Provided with a parallelogram ( a, b, c, d ) defined by its four points a, b, c, and d, determine the point o at its center.

""" Inputs
"""
a = Point3d( ax, ay, az )
b = Point3d( bx, by, bz )
c = Point3d( cx, cy, cz )
d = Point3d( dx, dy, dz )

Solution

The solution requires noticing that the sum of two vectors spans a parallelogram with direction along its diagonal. A vector with half that length points to the center of the parallelogram.

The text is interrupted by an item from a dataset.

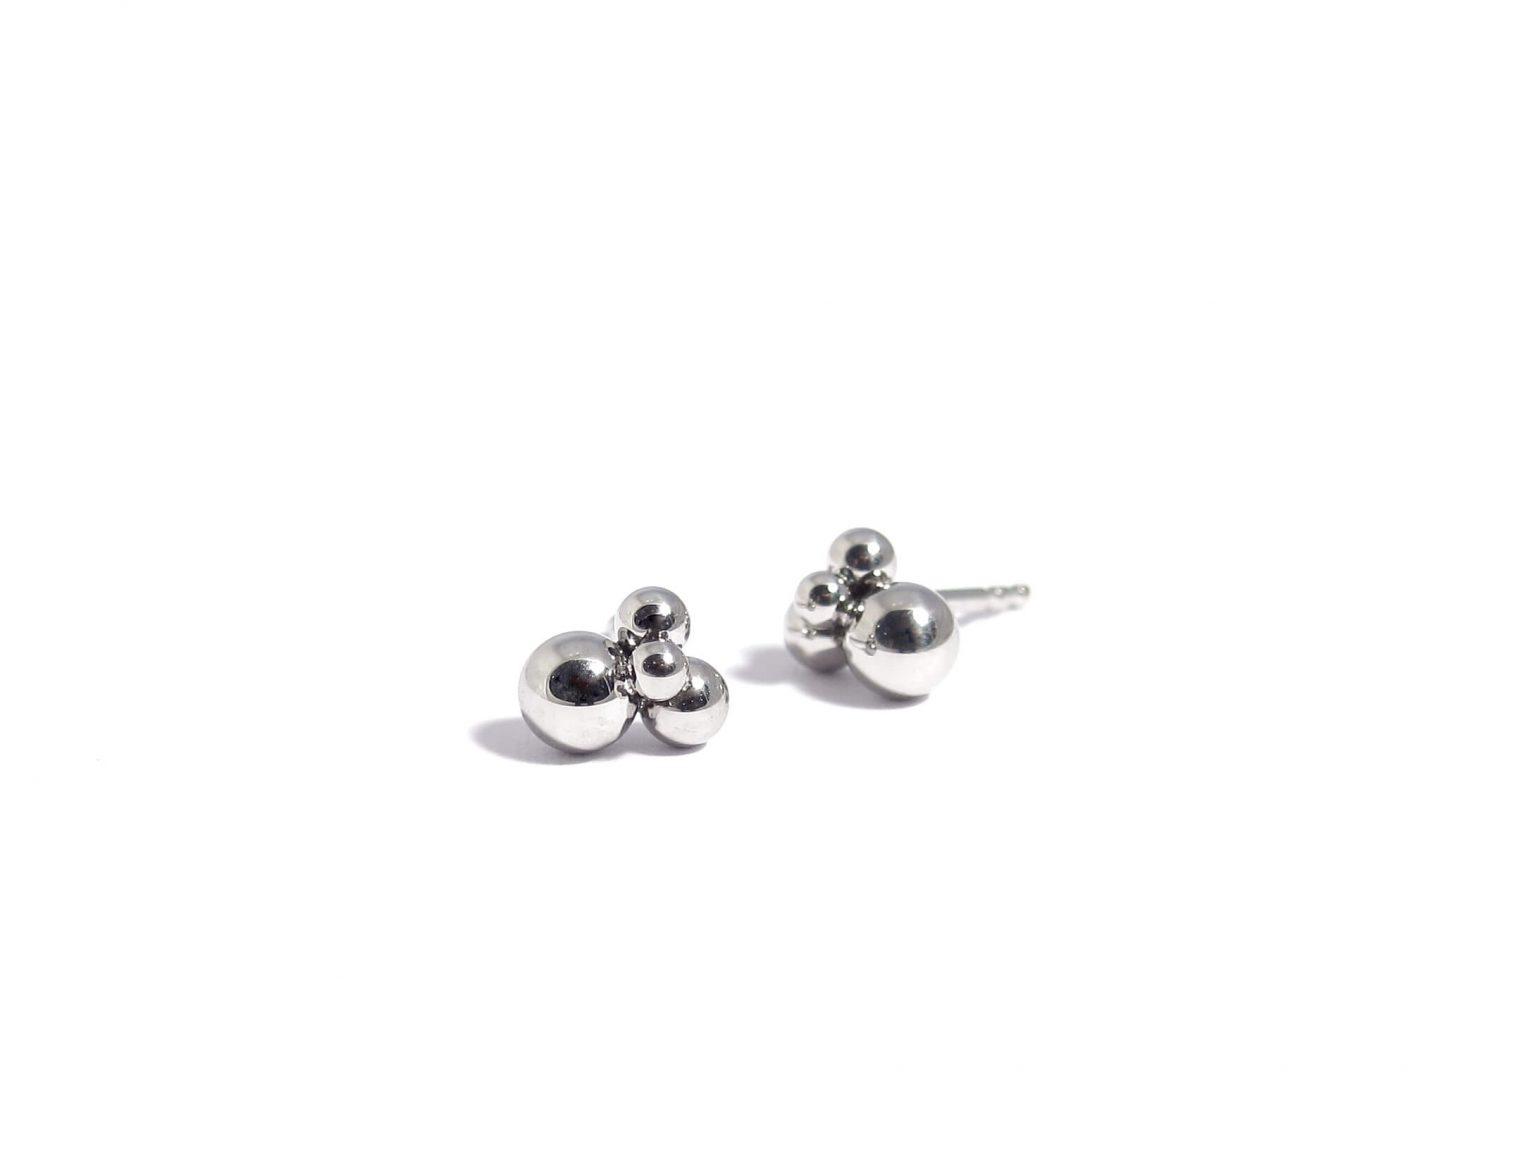 polished sphere earstuds

Compute two vectors along the parallelogram's sides u = b - a and v = d - a.
Compute the sum of the vectors and half it w = ( u + v ) / 2.
Translate the point a by the vector o = a + w.

""" Outputs
"""
u = b - a
v = d - a
w = ( u + v ) / 2
o = a + w

Alternatively, notice that the point in the center of the parallelogram is where its diagonals cross. Moreover, the point at the center splits the diagonals in two equal parts. Thus a simpler solution involves only computing the mid-point of either diagonal points.

""" Middle of Diagonals
"""
o = ( a + c ) / 2
''' or '''
o = ( b + d ) / 2

Triangle

Provided with a triangle ( a, b, d ) defined by three points a, b, and c, determine the location of the point o at the triangle's centroid.

""" Inputs
"""
a = Point3d( ax, ay, az )
b = Point3d( bx, by, bz )
c = Point3d( cx, cy, cz )

Solution

Triangles have many centers from which the centroid is the simplest to compute. The centroid is situated at the point of intersection between its medians, that is the lines that connects its points with the middle of its opposite sides. It can be computed as the mean of its points.

""" Outputs
"""
o = ( a + b + c ) / 3

Point List

Provided with a list of n points in space, [p1, p2, ..., pn] determine the location of the point o at its center.

""" Inputs
"""
points = [Point3d( x1, y1, z1 ),
          Point3d( x2, y2, z2 ),
          #...
          Point3d( xn, yn, zn )]

Solution

The centroid for a list of points can be computed as the mean among its coordinates. The following implementation sets up a zero point and accumulates the coordinates using point addition. Finally, the centroid is computed by dividing the coordinates with the number of points.

""" Outputs
"""
o = Point3d( 0.0, 0.0, 0.0 )
for point in points:
    o += point
o *= 1.0 / len( points )